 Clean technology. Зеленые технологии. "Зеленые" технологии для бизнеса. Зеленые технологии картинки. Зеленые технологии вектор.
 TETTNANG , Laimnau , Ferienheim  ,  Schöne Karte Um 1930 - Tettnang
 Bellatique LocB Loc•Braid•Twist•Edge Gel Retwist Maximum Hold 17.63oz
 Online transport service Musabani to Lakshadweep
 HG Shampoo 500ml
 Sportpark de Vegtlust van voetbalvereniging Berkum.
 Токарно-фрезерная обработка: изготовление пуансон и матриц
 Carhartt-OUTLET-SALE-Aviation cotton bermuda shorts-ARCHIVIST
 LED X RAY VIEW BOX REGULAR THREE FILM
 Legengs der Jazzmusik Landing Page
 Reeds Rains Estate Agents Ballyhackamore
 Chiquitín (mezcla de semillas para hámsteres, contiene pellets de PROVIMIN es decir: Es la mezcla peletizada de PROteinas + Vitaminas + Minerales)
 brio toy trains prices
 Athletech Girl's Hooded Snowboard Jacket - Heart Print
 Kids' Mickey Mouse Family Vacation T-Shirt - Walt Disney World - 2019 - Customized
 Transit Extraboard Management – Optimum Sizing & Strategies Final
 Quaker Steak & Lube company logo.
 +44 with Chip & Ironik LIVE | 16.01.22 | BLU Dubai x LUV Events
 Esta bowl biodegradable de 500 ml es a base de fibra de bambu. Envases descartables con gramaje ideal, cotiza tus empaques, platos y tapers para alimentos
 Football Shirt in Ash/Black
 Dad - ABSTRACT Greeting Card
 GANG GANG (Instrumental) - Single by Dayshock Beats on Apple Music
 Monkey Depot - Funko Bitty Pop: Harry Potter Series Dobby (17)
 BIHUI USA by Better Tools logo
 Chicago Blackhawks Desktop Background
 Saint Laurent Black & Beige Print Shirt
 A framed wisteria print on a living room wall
——
Wherever the word "logo" appears in the entries above, copy that whole line.

Result ▸
 Quaker Steak & Lube company logo.
 BIHUI USA by Better Tools logo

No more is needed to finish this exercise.